Marlow considers all the colors on the map a sign of the Company’s real devotion to progress. That each of the colors represents a different country’s territory contrasts sharply with the blank space Marlow saw as a young boy. This means Africa has been explored a great deal since Marlow’s first fascination with it. However, he is beckoned forward by the sight of the snake-like Congo River.

Quote 8

"Watching a coast as it slips by the ship is like thinking about an enigma. There it is before you - smiling, frowning, inviting, grand, mean, insipid, or savage, and always mute with an air of whispering, 'Come and find out.'" (1.30)
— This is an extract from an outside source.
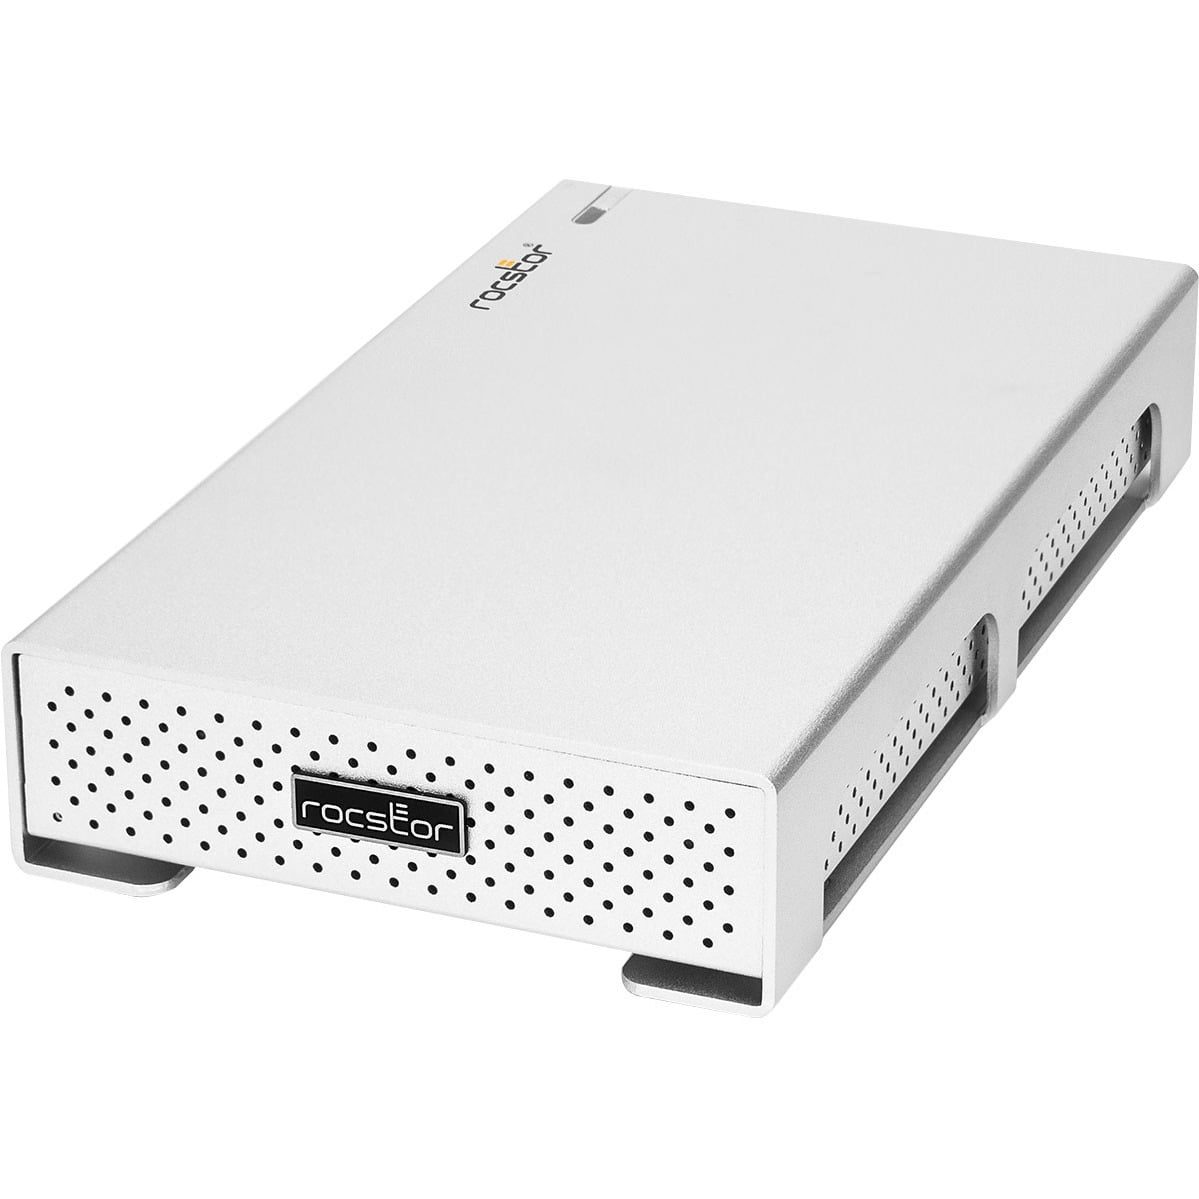 USB 3.1 Gen 2 Rocstor Rocpro 900c USB-C USB 3.0 Desktop External Hard Drive Enclosure only G29100-01 10Gbps,

Marlow is drawn in by the "enigma" of the coast. His desire to explore is so intense that he imagines the coasts whispering for him to "come and find out."

Quote 9

"One day he [the accountant] remarked, without lifting his head, 'In the interior you will no doubt meet Mr. Kurtz.' On my asking who Mr. Kurtz was, he said he was a first-class agent; and seeing my disappointment at this information, he added slowly, laying down his pen, 'He is a very remarkable person.' Further questions elicited from him that Mr. Kurtz was at present in charge of a trading-post, a very important one, in the true ivory-country, at 'the very bottom of there. Sends in as much ivory as all the others put together […].'" (1.46)

Curiosity impels Marlow to ask further questions of the accountant about Kurtz. Though Marlow does not seem particularly interested at first, the seed has been planted. He grows far more inquisitive about Kurtz later.